This week has been one of emotional heaviness for my family. My younger sister had a miscarriage. My uncle died. My mother in law had back surgery yesterday. My own mother is in the preparative stages of her own back surgery. All of the expected emotions are dancing a chaotic rhythm as the band seamlessly shifts from one tempo to the next – my footsteps struggling to keep time to the ever changing beat. But, as I step to the side of the dance floor and take up my preferred wallflower position, there is something deeper revealing itself to me.

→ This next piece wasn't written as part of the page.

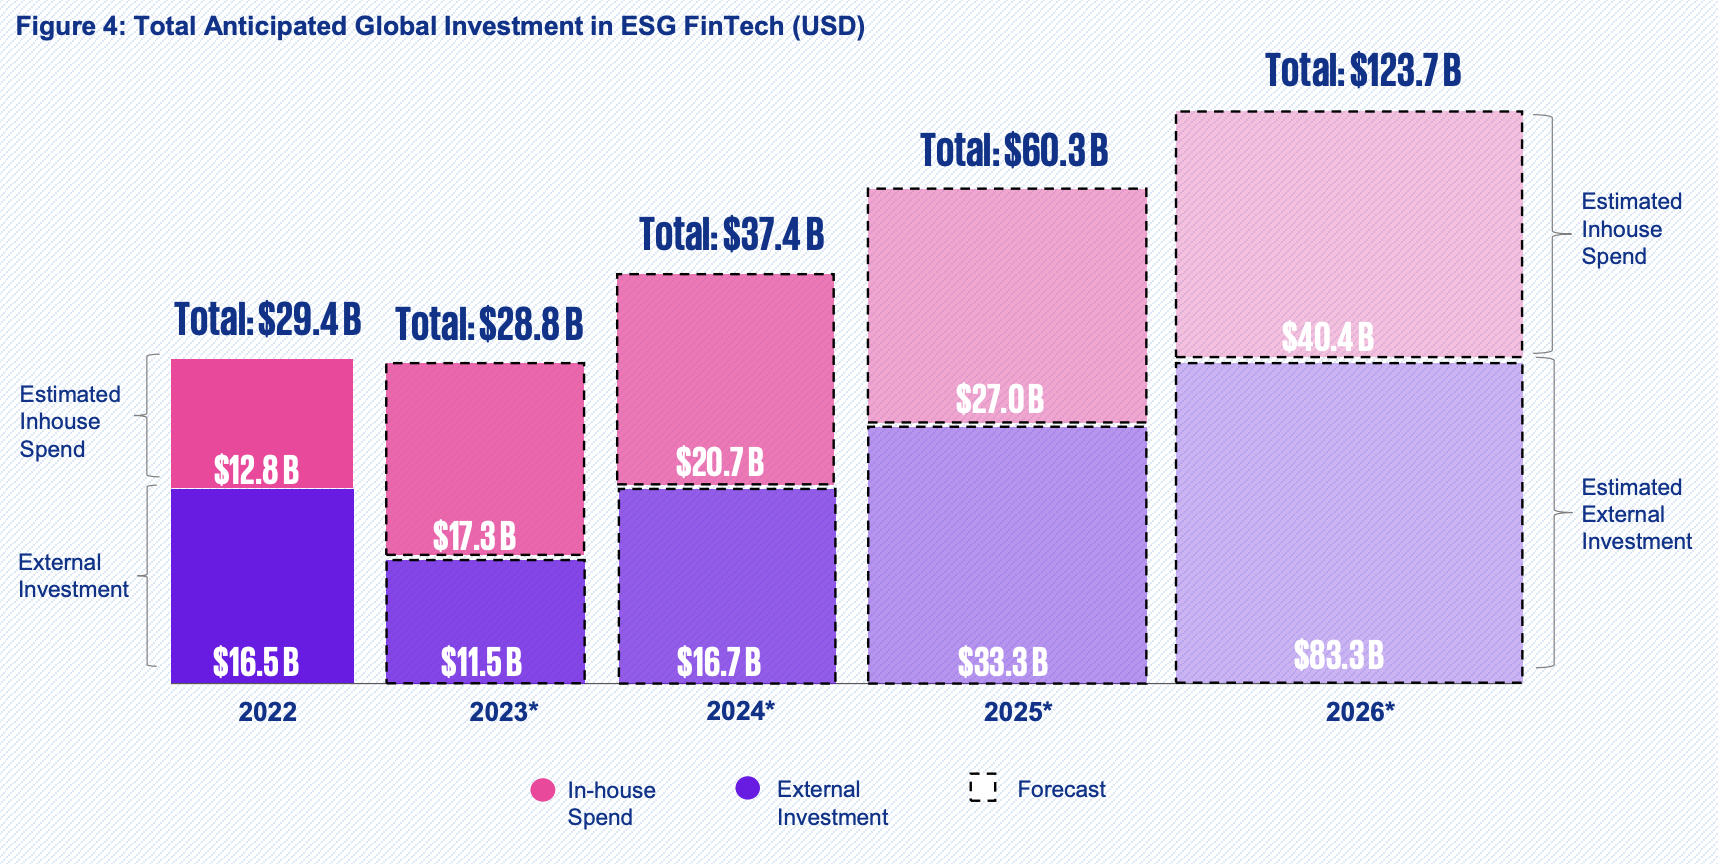 Kogu eeldatav globaalne investeering ESG fintechi (USD)

Suddenly, the death and age related illnesses are affecting a different generation, the one occupied by my parents. There is a subtle shift of power taking place as they prepare for the eternal leg of the journey, we step into the matriarchal and patriarchal roles, and our children begin entering the age of power. I don’t like this feeling. It is not the ephemeral nature of life which strikes such a sad chord in me.

It seems we spend an inordinate amount of time in our youth striving for the age when we will be grown – to have the power over our own destinies. That power is short lived. Life comes full circle, and with age, we slowly lose those things for which we fought so hard. For some, the journey is graphically symbolized as the ability to drive, care for their homes, tend to their physical needs, and make decisions for their own future is slowly whittled away by degenerative disease. For others, the loss is sudden, unexpected, and profound.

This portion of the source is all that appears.